## Prompt
The material below holds the lines to copy: from the one with "Chicago Bulls City" up to and including the one with "8002 Combo of". Copy them exactly and skip the pictures.

## Input for this task
● ● ● ●
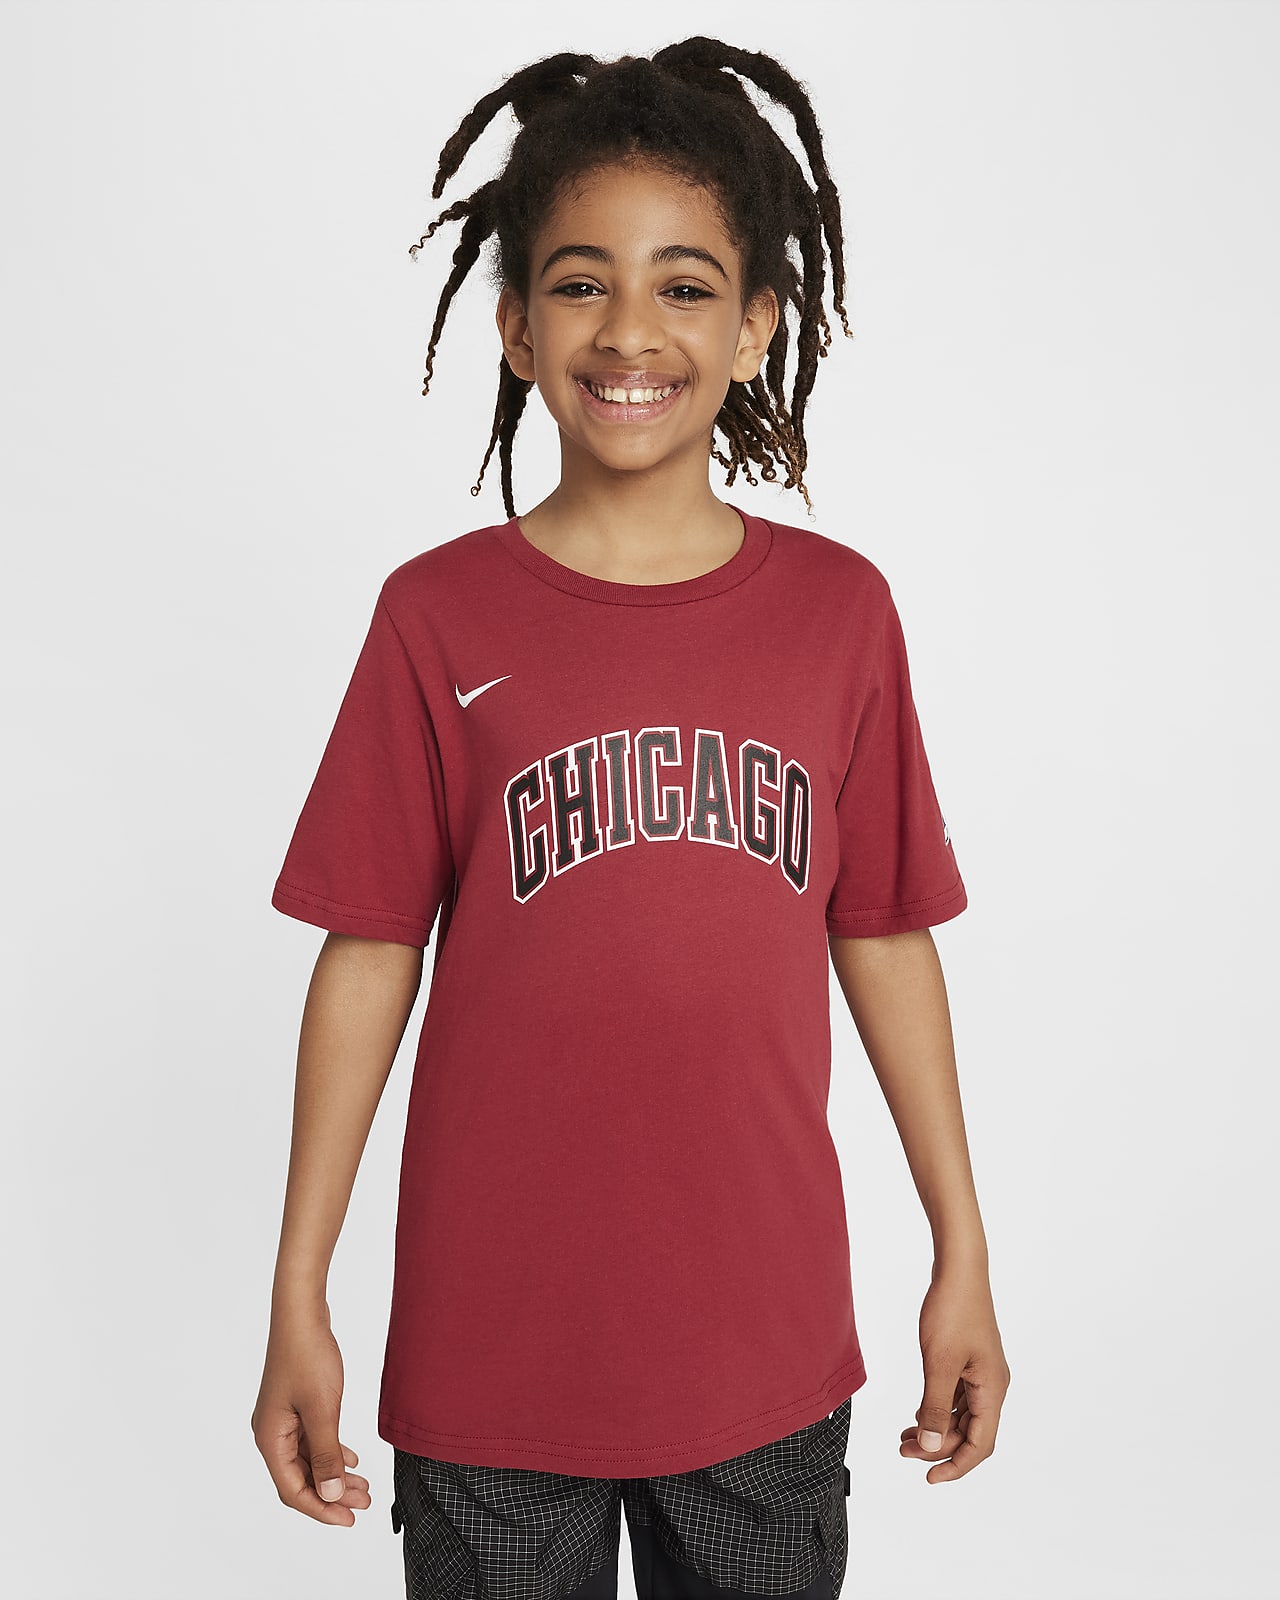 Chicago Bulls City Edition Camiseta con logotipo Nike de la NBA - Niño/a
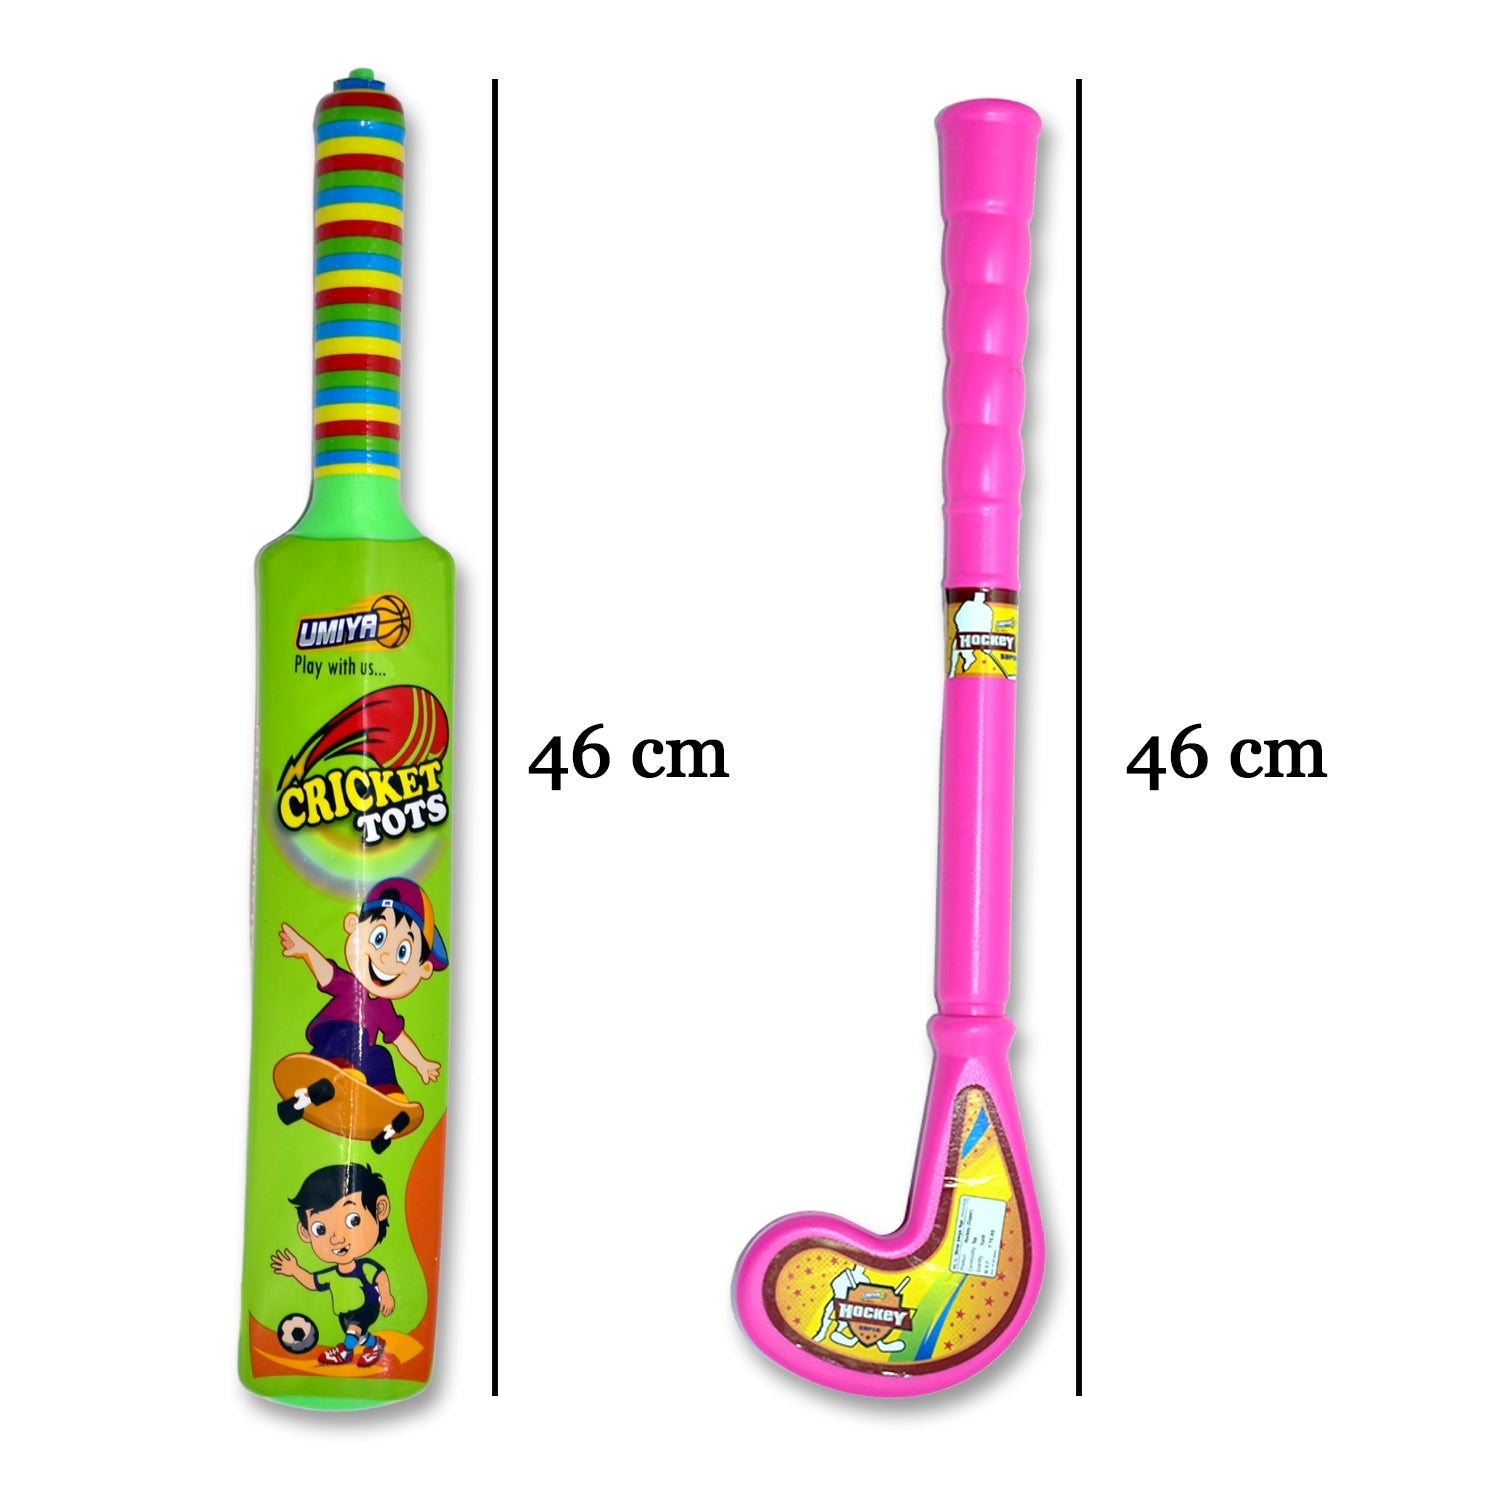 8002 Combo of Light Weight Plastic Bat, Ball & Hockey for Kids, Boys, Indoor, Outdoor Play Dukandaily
● ● ● ●
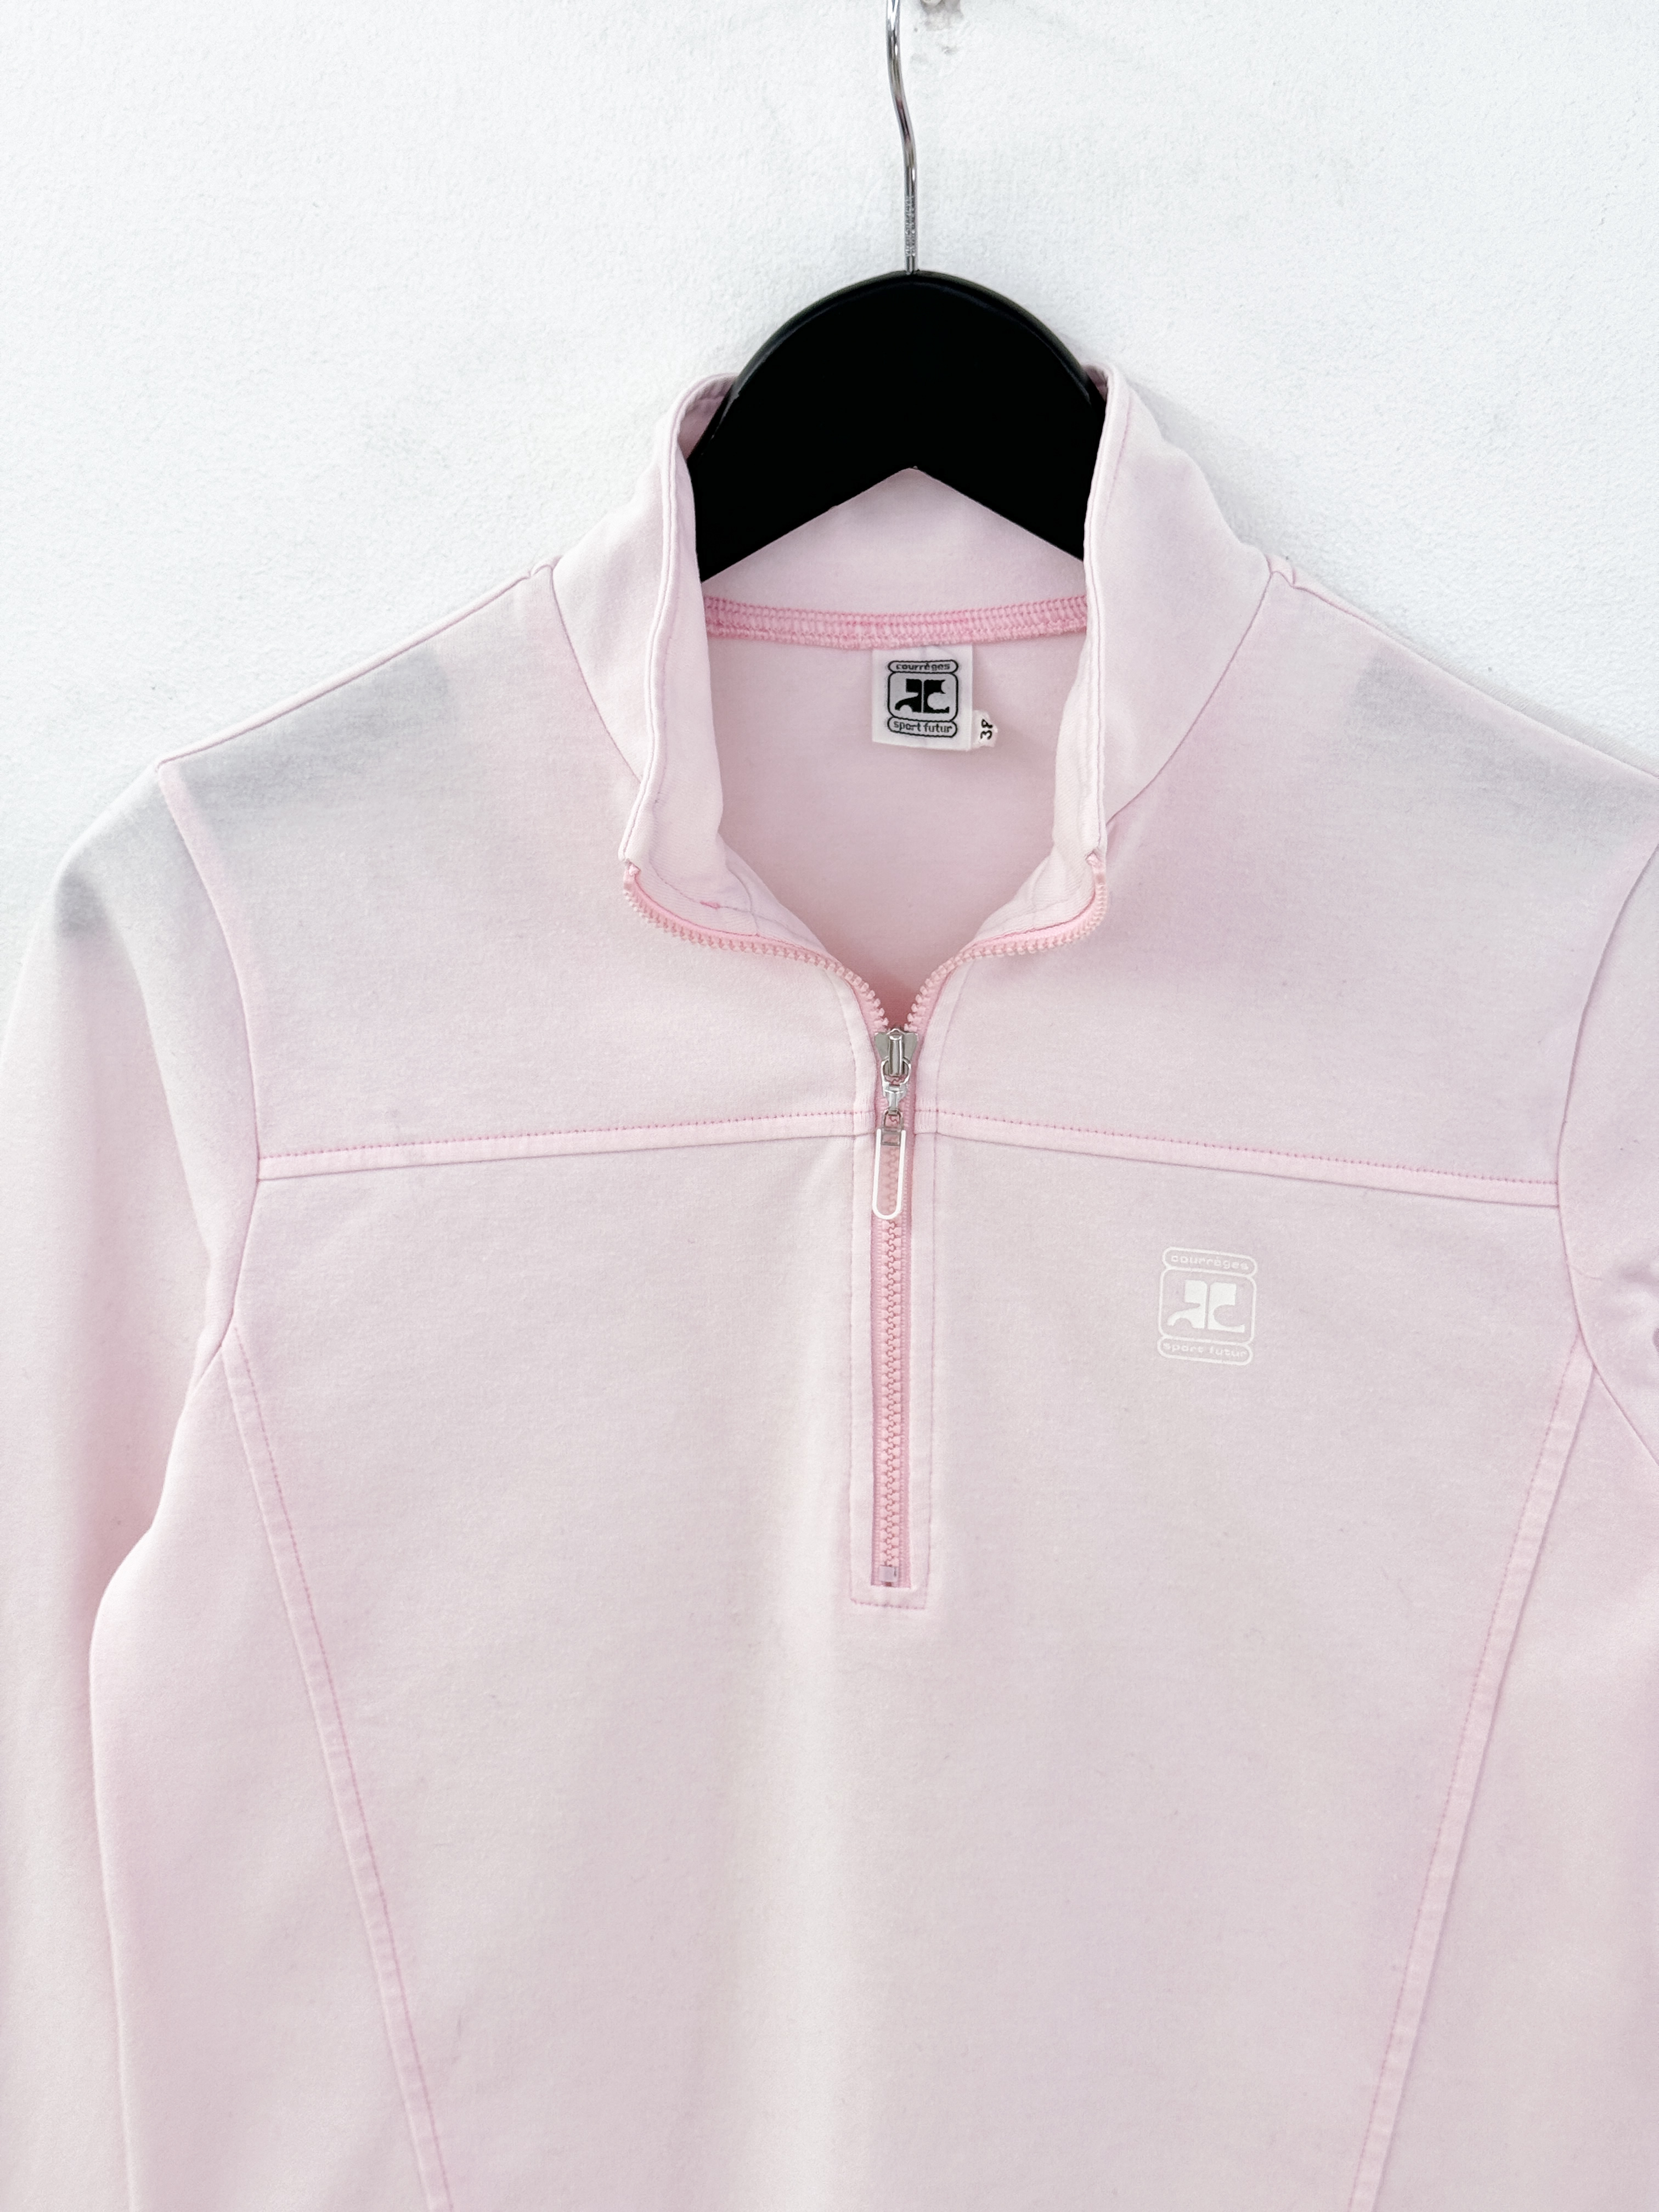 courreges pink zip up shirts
● ● ● ●
## Response to the exercise
 Chicago Bulls City Edition Camiseta con logotipo Nike de la NBA - Niño/a
 8002 Combo of Light Weight Plastic Bat, Ball & Hockey for Kids, Boys, Indoor, Outdoor Play Dukandaily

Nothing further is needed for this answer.